With respect to your request for relief from CPO registration, based on your representations that the limited partners in the Partnership initially will be “A” and “B” and subsequently will be trusts established for the benefit of “A” or “B” and their living descendants, and consistent with our prior practice in this area,3 the Division confirms that the Partnership is not a commodity pool within the meaning and intent of Rule 4.10(d)(1) and, consequently, that the General Partner is not a CPO thereof. In addition, the Division confirms that the Partnership qualifies as a QEP pursuant to Rule 4.7(a)(1)(ii)(B)(2)(viii)4 based upon your representations that the Partnership will have total assets in excess of $5 million, will not be formed for the specific purpose of participating in the Fund, and our finding that the Partnership is not a pool.

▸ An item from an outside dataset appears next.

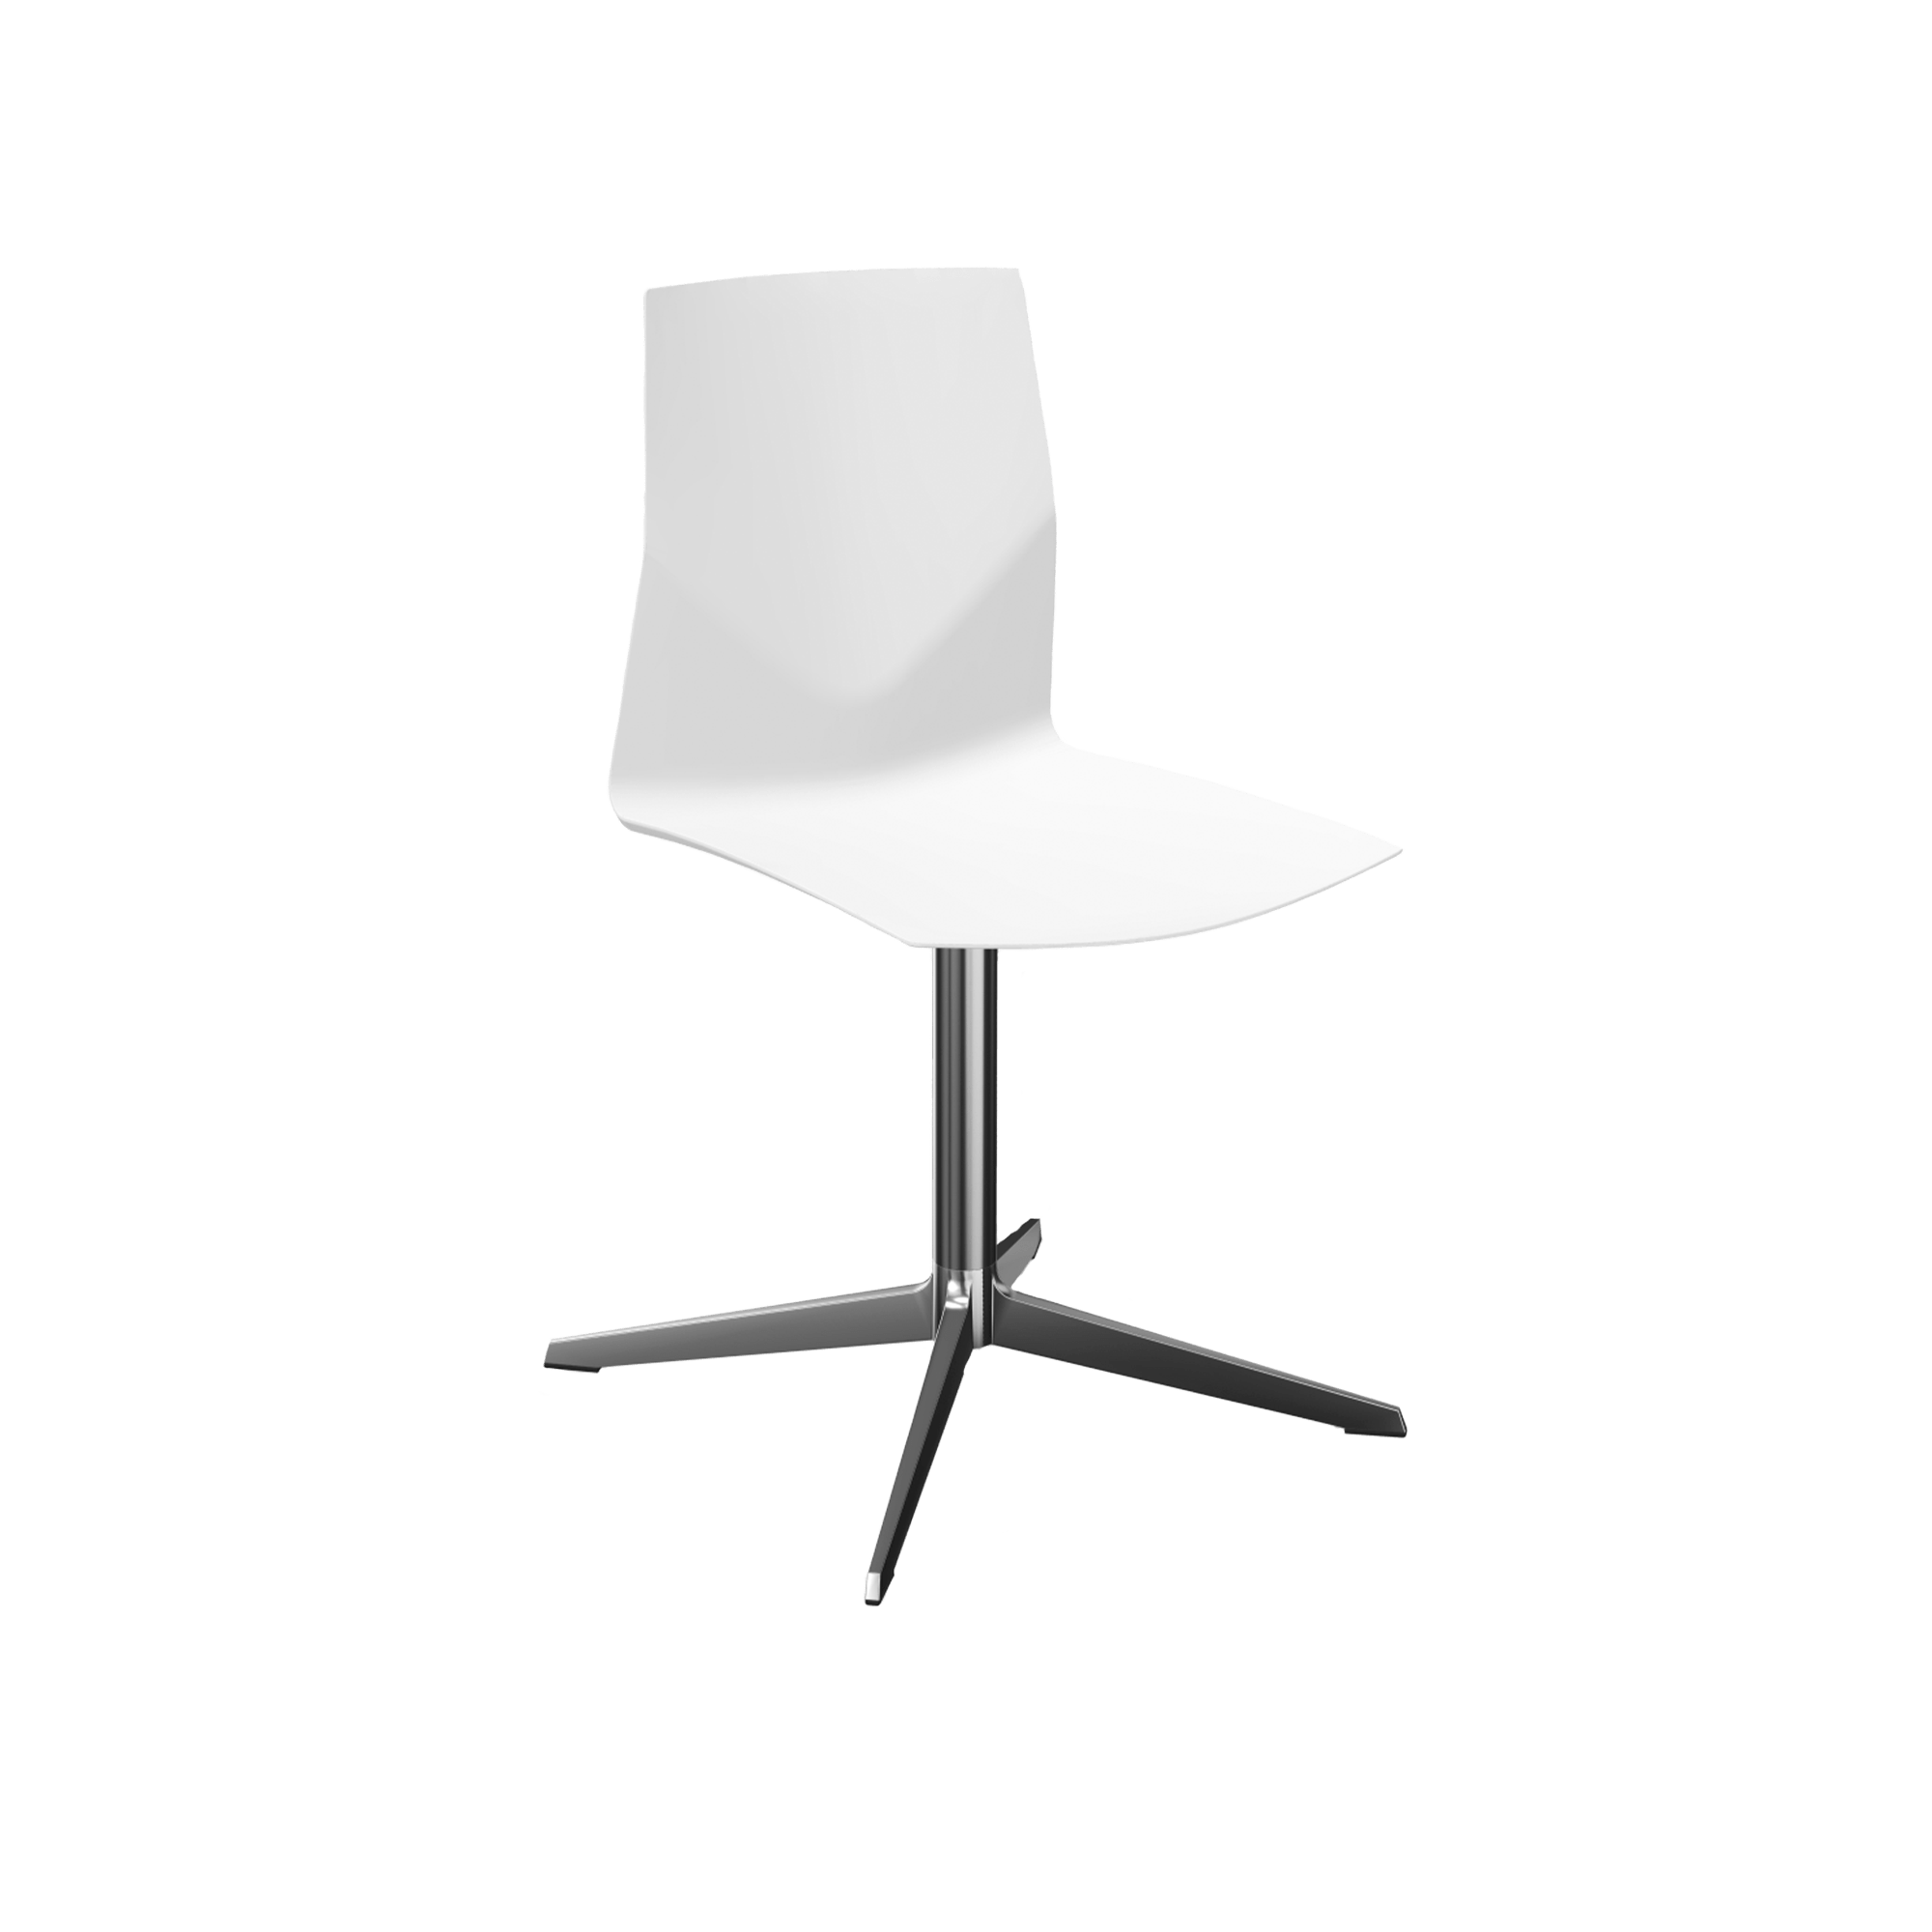 White swivel chair with a chrome pedestal leg

Finally, with respect to your request for relief from Rule 4.7(a), we do not believe such relief is necessary. Rule 4.7(a) imposes a ten percent restriction on the fair market value of the assets of a Rule 4.7(a) exempt pool that may be used to purchase units in other Rule 4.7(a) exempt pools, where not all of the investors in the investor fund will be QEPs. As noted above, the Partnership is not a pool and qualifies for treatment as a QEP pursuant to Rule 4.7(a)(1)(ii)(B)(2)(viii). This subparagraph does not impose a ten percent investment restriction. Accordingly, it is unnecessary for the Division to separately pass upon the merits of this portion of your request.

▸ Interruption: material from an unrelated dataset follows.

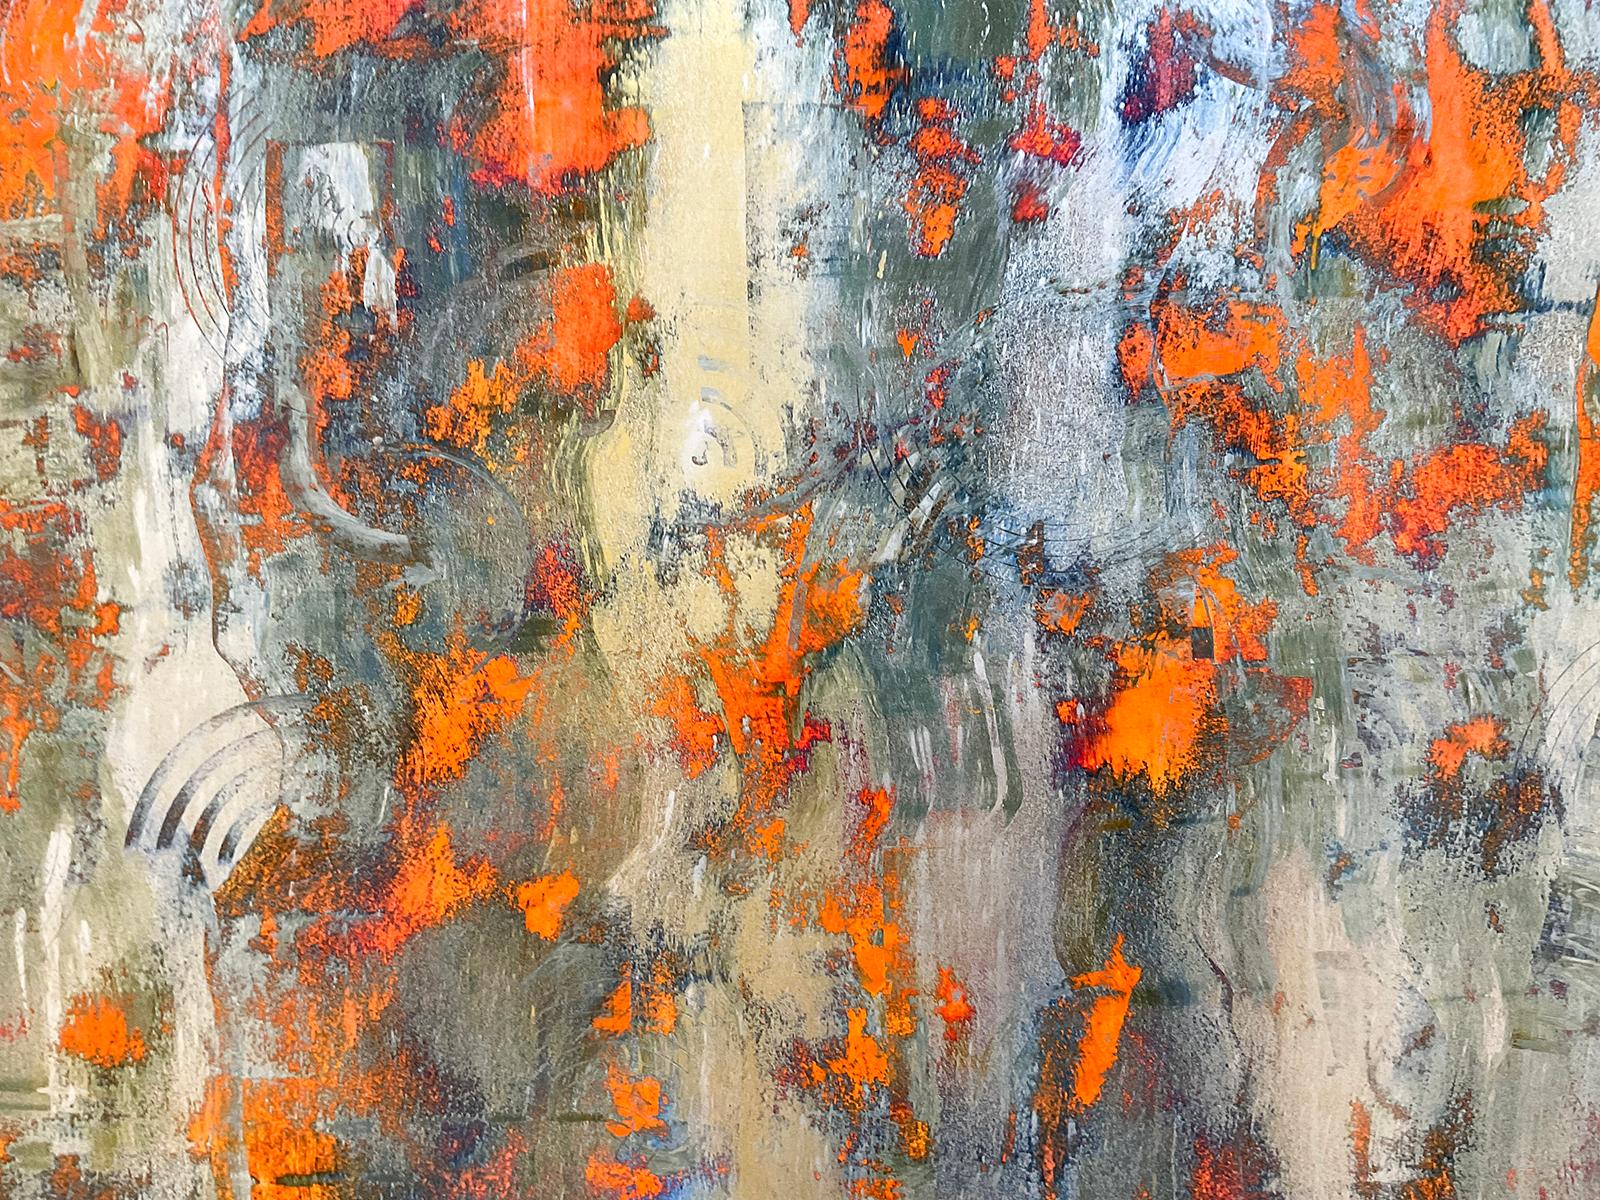 Peinture abstraite gestuelle sur papier avec des poudres métalliques dorées et de la peinture émaillée de couleur orange et argent

You should be aware that the opinions expressed in this letter do not excuse the General Partner from compliance with any otherwise applicable requirements contained in the Commodity Exchange Act5 (“Act”) or in the Commission’s regulations issued thereunder. For example, it remains subject to the anti-fraud provisions of Section 4o of the Act and the reporting requirements for traders set forth in Parts 15, 18, and 19 of the regulations. Moreover, this letter is applicable to the General Partner solely in connection with its operation of the Partnership.

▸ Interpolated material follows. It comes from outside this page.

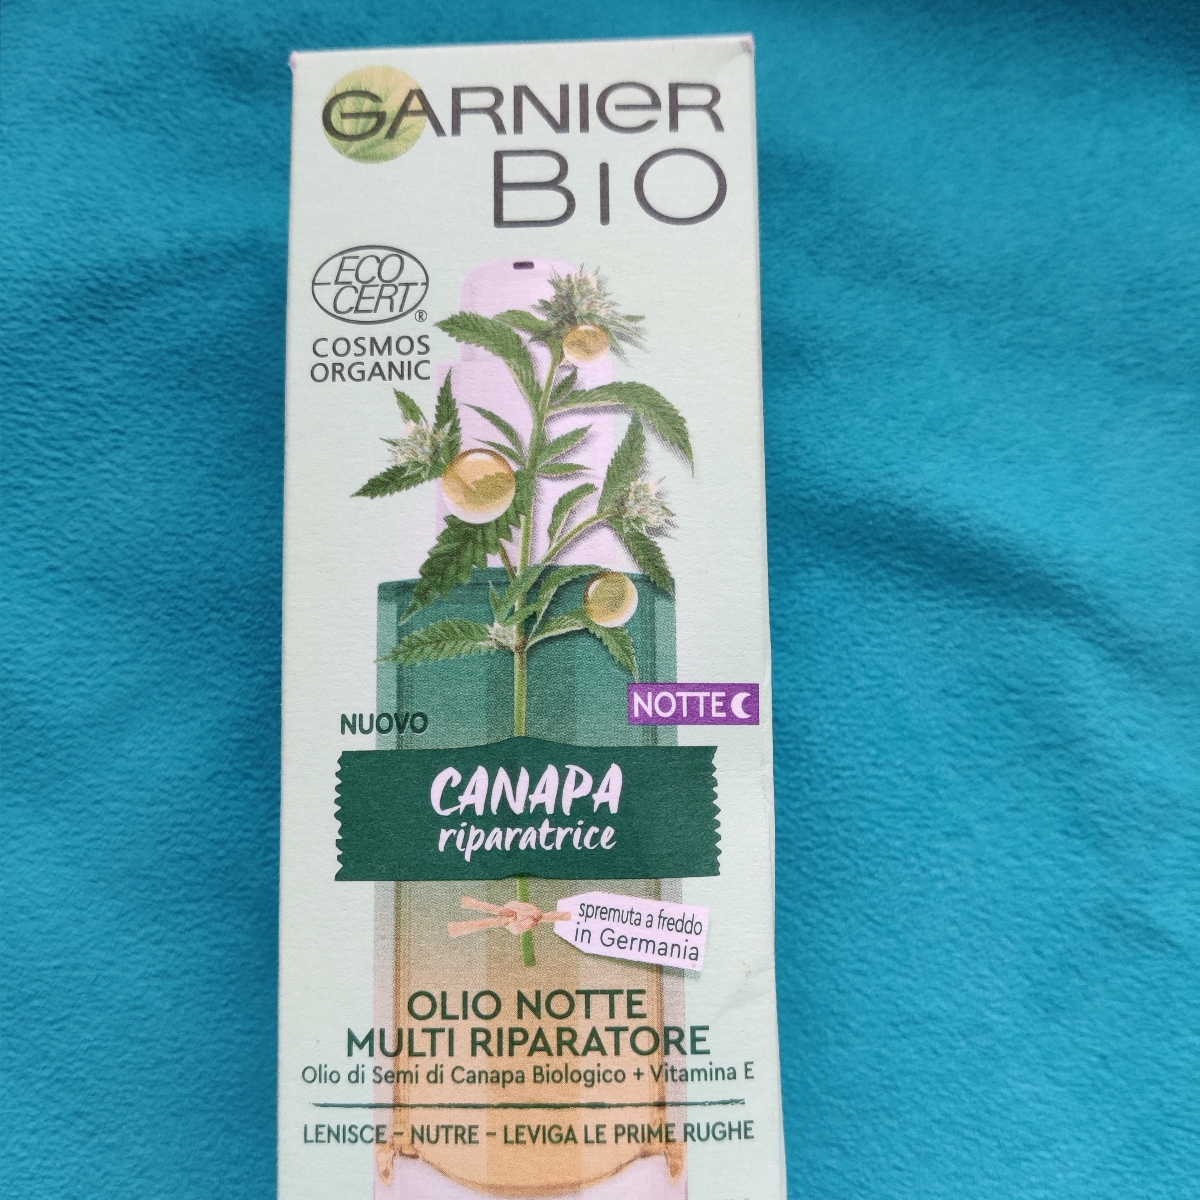 Garnier Bio Olio notte riparatore alla canapa Reviews | abillion

The opinions expressed in this letter are based upon the representations that you have made to us and are strictly limited to those representations. Any different, changed or omitted facts or conditions might require us to reach a different conclusion. In this regard, we request that you notify us immediately in the event the operations or activities of the General Partner or the Partnership, including its membership composition, change in any way from those represented to us. Further, the opinions expressed herein represent the position of the Division only. They do not necessarily represent the views of the Commission or of any other office or division of the Commission. If you have any questions concerning this correspondence, please contact me or Barbara Stern Gold, Assistant Chief Counsel, at 202-418-5450.

Very truly yours,

Susan C. Ervin

Chief Counsel

1 Commission rules referred to in this letter are found at 17 C.F.R. Ch. I (1996).

2 “A” meets the requirements for a natural person to be considered a QEP inasmuch as his net worth is in excess of $40 million. Also, he is an experienced private investor and serves as President and Chairman of the Board of Directors of “X”.

3 See, e.g., CFTC Interpretive Letter No. 97-29 (March 21, 1997), (to be published in Comm. Fut. L. Rep. (CCH)).

4 Rule 4.7(a)(1)(ii)(B)(2)(viii) provides that a QEP is a “corporation, or similar business trust, or partnership, other than a pool, which has total assets in excess of $5,000,000, and is not formed for the specific purpose of participating in the exempt pool[.]”

5 The Act is found at 7 U.S.C. §§ 1 et seq. (1994).